Вагаев разглядывал игрушку: «Недурственно… и конек наш серый… только что же это за коробок под ним?., а, завод… по-нимаю… а где же ключик… можно пустить погалопировать?» — спросил он совсем приятельски. Даринька улыбнулась, подумала: «Ну, совсем мальчишка» — и достала картонную коробку, в которой стукотливо болтался ключик. Посмеиваясь глазами, Вагаев медленно заводил, прислушиваясь к потрескиванию завода, присел со стуком и отпустил: «По-шел!..» Оба они смотрели, как с рокотом покатил гусарчик, все набирая скорость, ткнулся об ножку стула, свалился набок, зажужжали с шипением колеса, и что-то покатилось в угол. «Что я наделал!..» — вскрикнул Вагаев в ужасе, поднял стремительно игрушку, с мольбой посмотрел на Дариньку, на обезглавленного гусарчика и упавшим голосом произнес, медленно перед ней склонившись и подчеркивая слова: «Потерял голову гусарчик… теперь делайте со мной, что хотите». Даринька до слез смутилась: ей жалко было гусарчика, — и Витину игрушку, и живого. Она сказала, как в таких случаях говорят: «Какие пустяки», — и хотела достать из-под дивана отбитую головку, но Вагаев бросился, со звоном, умоляюще повторяя: «Ра-ди Бога, простите!..» — и, не щадя белоснежного ментика своего, возя рукавом по полу, саблей нашаривал головку. Нашел, выложил на ладони и подкинул. «Ну, ради Бога, простите… ну… так мальчишески поступил… ну, простите!..» — проговорил он в смущении. Но еще в большем смущении была Даринька, не знавшая, что сказать. И сказала, что ей сказало сердце: «Что вы, Господь с вами, милый… это же можно сургучиком…» — и осветила чудесными глазами. Должно быть, эти слова — «Господь с вами, милый…» — просто-душевно сказанные, глубоко тронули Вагаева: он поклонился почтительно, без шаркания и звона, сказал, что сейчас же «исправит все», скромно поцеловал ей руку и уехал. В передней все-таки сбаловал: взял у тянувшейся и перепуганной девочки размашистую свою шинель, вскинул на одно плечо, протянул палец к ее носу и сказал баловливо-строго: «Эт-та что за пуговка?» Девочка прыснула в ладошки, поняв смешное в его словах, И, проводив, в ужасе показала на ладошке: «Зелененькая., глядите… с ума-а сойти!..»
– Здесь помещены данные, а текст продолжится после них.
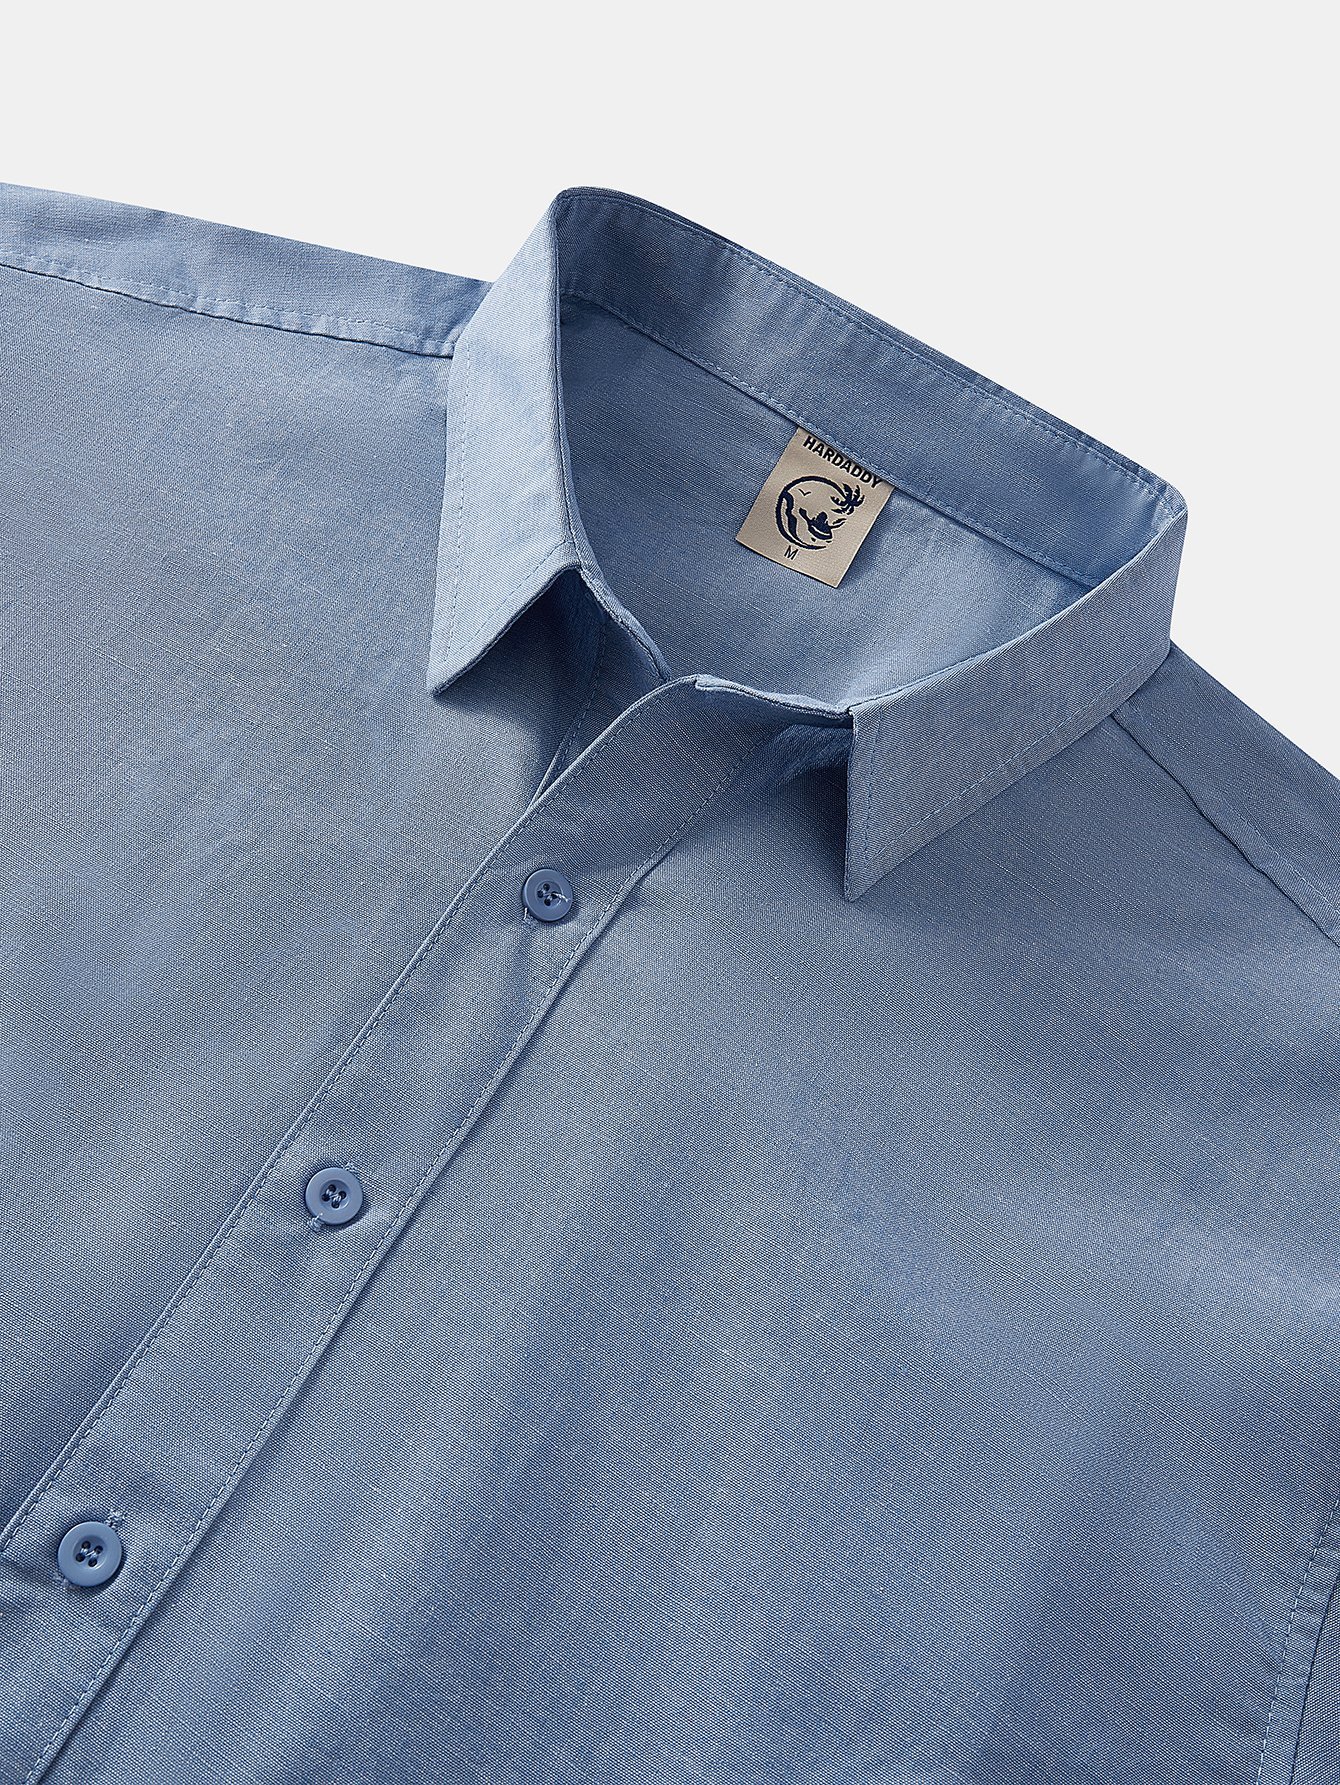 Hardaddy® Cotton Plain Short Sleeve Cigar Shirt
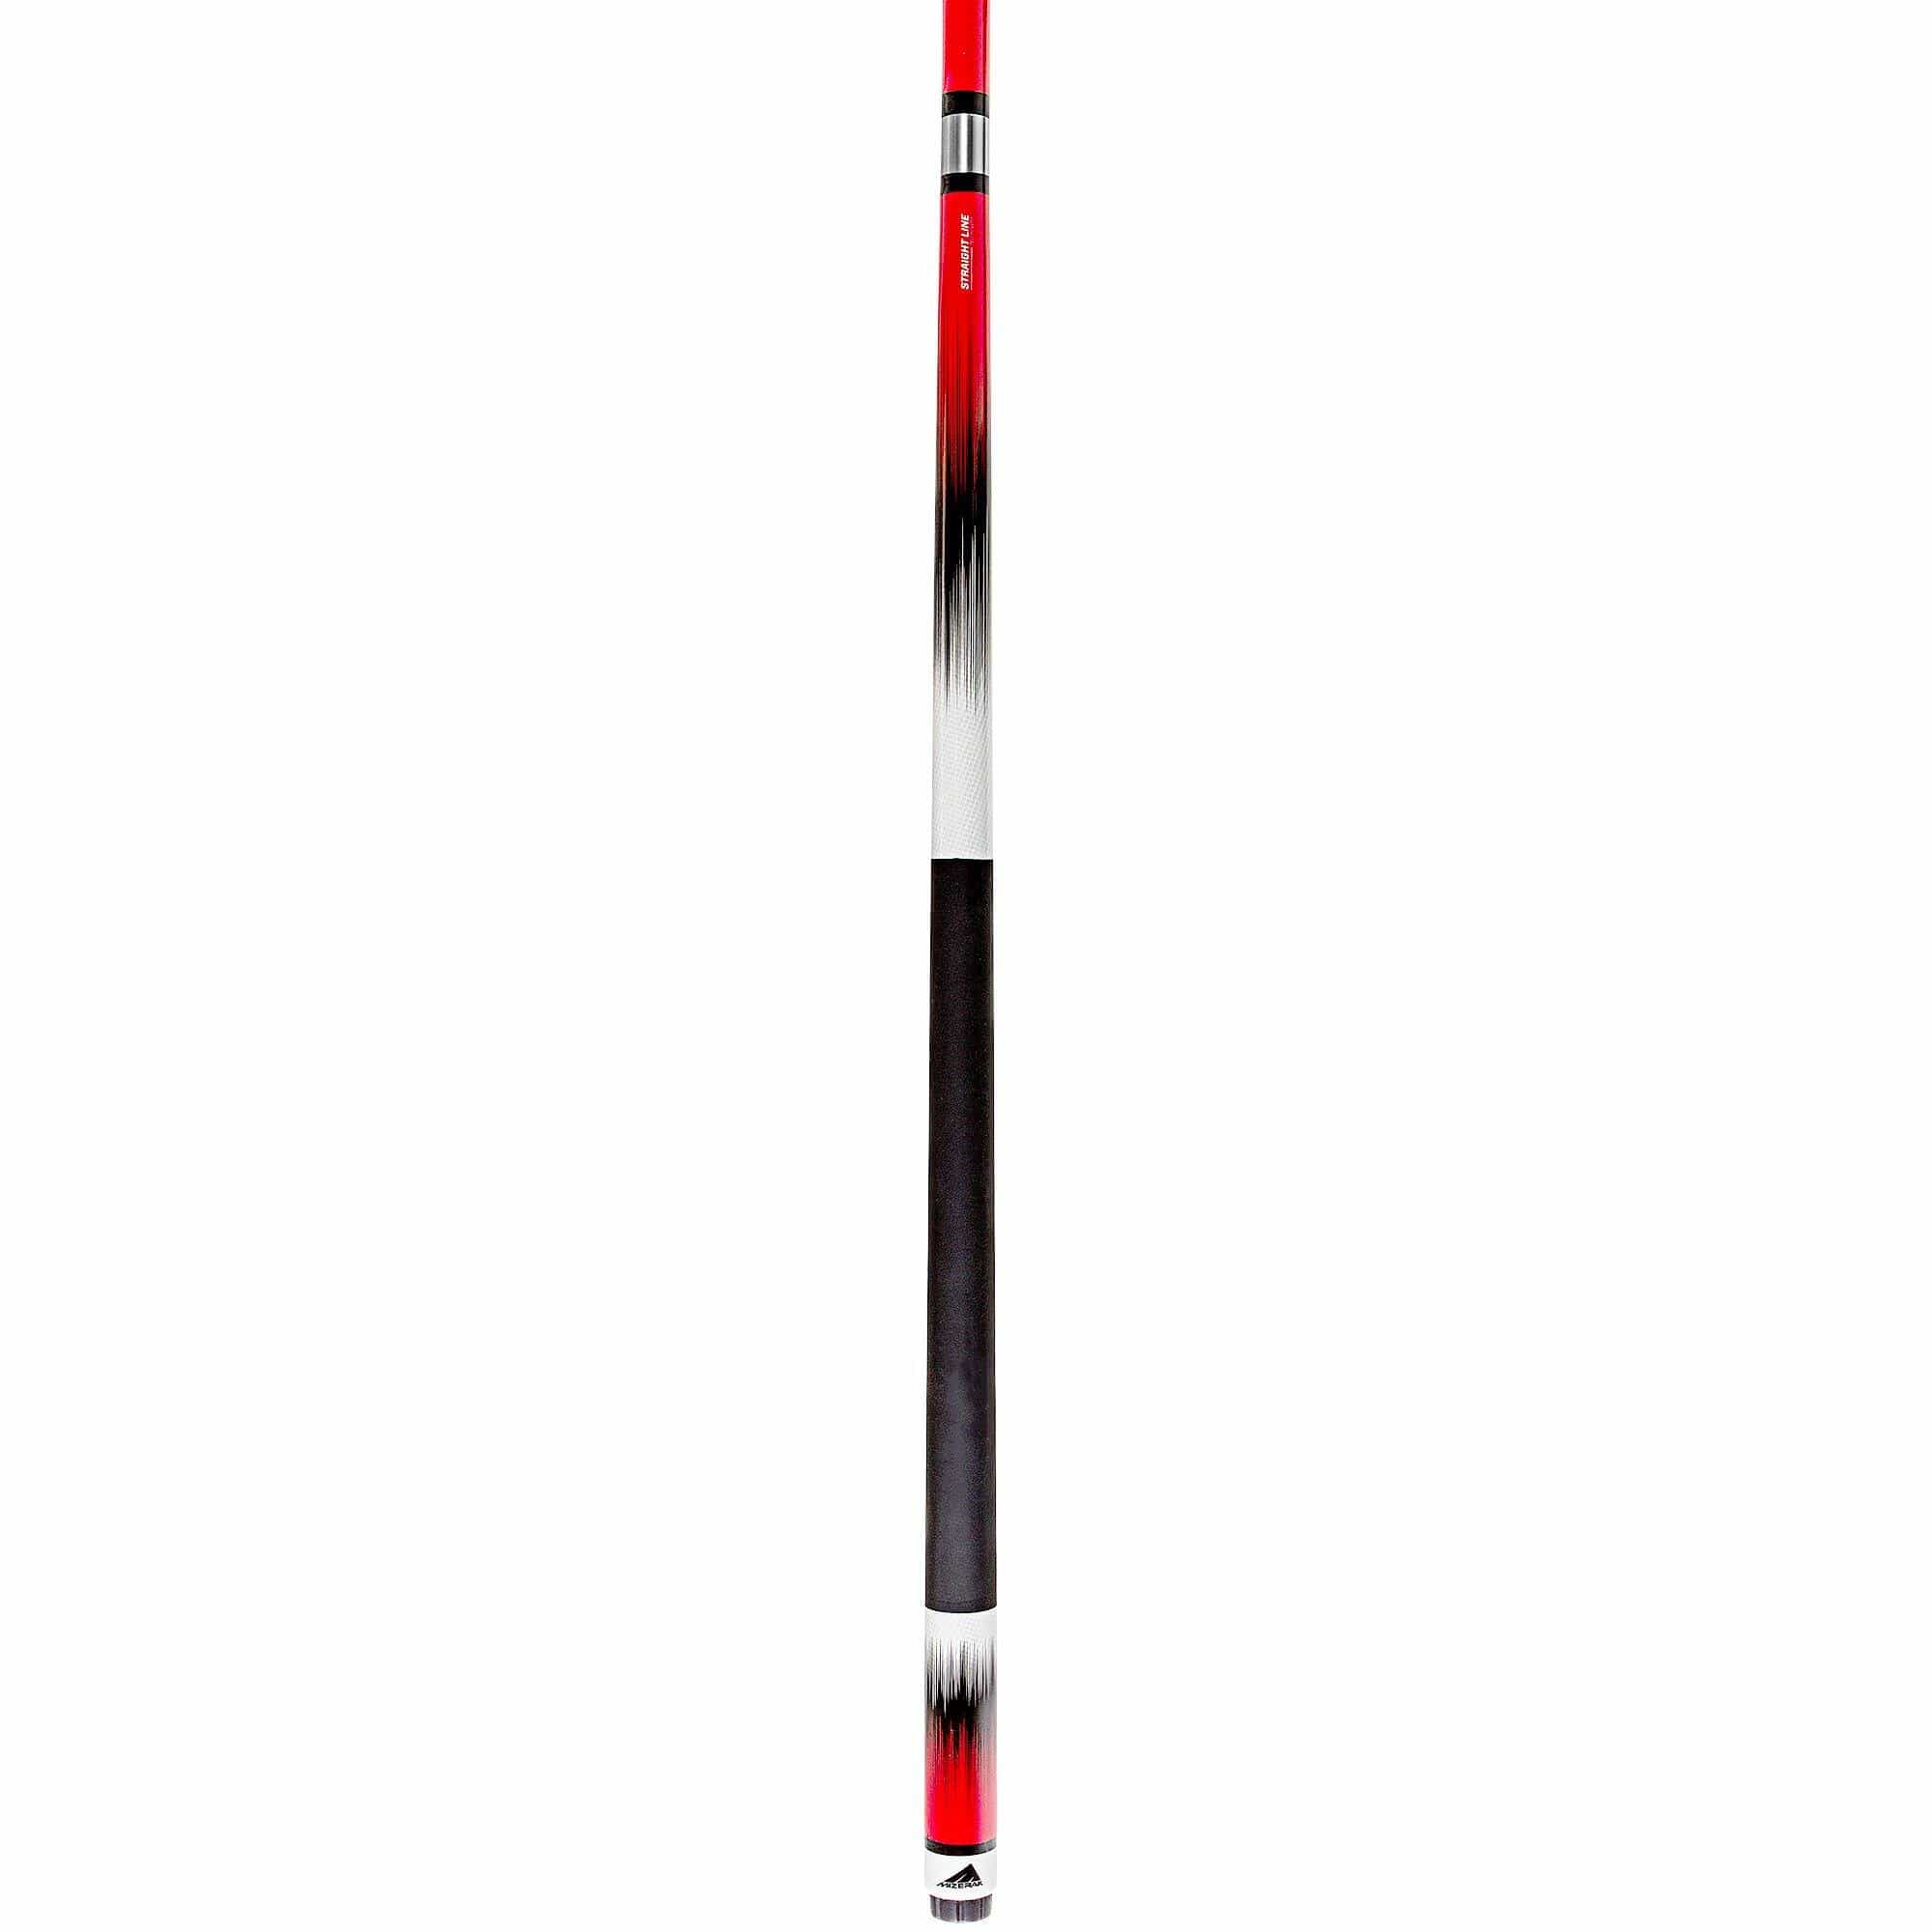 Mizerak Billiards Mizerak - 58" Two-Piece Neon Red Fade Deluxe Carbon Composite Billiard / Pool Cue with MicroTac Grip ( Red ) - P1881R

Уже в сумерках вернулся Виктор Алексеевич, без детей, расстроенный, возмущенный, взбешенный. Не пустили к нему его детей! не пустили с ним!! Кто не пустил? Все, теща, тесть, брат, тетки, наглецы и развратники! Почему?.. По категорическому запрету высоконравственной госпожи Вейденгаммер… не желающей видеть своих детей в «неподобающей обстановке»!
Помертвевшая Даринька слушала с болью в сердце и только шептала: «Прошу тебя, успокойся… прошу тебя». Виктор Алексеевич ничего больше ей не сказал.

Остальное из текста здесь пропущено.